[WHAT YOU HAVE TO DO]
Reproduce exactly the lines from the one containing "Grogu Could Play" through the last line of the records below, both included, and nothing else.
(PROVIDED RECORDS Opens)
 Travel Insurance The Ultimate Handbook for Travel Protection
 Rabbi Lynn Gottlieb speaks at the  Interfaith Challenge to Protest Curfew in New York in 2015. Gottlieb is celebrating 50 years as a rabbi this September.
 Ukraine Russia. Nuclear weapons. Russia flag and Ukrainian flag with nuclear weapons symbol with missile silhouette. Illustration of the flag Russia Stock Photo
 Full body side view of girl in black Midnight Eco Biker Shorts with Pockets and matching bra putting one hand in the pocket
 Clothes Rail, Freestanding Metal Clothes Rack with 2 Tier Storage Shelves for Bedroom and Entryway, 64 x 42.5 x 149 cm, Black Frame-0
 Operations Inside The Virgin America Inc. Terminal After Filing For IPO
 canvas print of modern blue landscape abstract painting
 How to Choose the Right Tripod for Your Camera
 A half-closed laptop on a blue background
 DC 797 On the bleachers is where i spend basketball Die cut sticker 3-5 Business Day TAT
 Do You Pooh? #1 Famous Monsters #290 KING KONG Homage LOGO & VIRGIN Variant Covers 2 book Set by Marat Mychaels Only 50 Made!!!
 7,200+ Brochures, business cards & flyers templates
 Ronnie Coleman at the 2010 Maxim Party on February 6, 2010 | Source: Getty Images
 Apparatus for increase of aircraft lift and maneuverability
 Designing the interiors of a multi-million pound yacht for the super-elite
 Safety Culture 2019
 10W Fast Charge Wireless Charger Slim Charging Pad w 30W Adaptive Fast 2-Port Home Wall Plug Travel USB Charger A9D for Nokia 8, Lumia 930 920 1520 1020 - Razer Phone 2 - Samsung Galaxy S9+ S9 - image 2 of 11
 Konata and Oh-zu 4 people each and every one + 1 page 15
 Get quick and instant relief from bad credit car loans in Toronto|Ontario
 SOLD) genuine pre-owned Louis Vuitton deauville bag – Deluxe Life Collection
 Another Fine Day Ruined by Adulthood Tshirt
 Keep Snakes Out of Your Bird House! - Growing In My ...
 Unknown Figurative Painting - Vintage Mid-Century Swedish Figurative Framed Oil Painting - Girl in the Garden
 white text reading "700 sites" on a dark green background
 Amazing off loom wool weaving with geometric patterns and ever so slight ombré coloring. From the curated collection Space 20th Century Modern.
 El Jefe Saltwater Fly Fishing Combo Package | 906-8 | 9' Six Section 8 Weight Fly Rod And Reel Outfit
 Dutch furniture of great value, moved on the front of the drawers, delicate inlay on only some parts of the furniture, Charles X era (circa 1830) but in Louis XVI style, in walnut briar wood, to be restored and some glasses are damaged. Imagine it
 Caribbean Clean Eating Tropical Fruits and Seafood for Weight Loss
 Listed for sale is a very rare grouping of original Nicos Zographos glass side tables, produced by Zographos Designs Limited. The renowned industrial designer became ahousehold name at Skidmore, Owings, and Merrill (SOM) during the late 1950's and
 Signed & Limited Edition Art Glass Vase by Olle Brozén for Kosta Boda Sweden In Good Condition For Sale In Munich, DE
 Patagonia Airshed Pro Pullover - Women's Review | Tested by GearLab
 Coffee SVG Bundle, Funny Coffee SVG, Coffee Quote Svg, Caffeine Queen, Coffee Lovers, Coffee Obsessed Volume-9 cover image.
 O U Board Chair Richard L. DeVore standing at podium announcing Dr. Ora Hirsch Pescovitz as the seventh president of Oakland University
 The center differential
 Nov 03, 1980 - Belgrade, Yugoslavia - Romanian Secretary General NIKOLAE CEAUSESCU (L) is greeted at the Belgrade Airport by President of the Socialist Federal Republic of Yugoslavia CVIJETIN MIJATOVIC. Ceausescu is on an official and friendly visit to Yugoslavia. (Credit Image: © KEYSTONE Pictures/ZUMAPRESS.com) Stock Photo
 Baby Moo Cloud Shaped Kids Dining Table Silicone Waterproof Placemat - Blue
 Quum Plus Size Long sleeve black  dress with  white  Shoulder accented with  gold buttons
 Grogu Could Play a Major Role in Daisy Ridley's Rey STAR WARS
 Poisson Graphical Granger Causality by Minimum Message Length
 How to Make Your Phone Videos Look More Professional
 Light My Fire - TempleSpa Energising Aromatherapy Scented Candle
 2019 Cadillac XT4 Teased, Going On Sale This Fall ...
(PROVIDED RECORDS Closes)
[TASK RESULT]
 Grogu Could Play a Major Role in Daisy Ridley's Rey STAR WARS
 Poisson Graphical Granger Causality by Minimum Message Length
 How to Make Your Phone Videos Look More Professional
 Light My Fire - TempleSpa Energising Aromatherapy Scented Candle
 2019 Cadillac XT4 Teased, Going On Sale This Fall ...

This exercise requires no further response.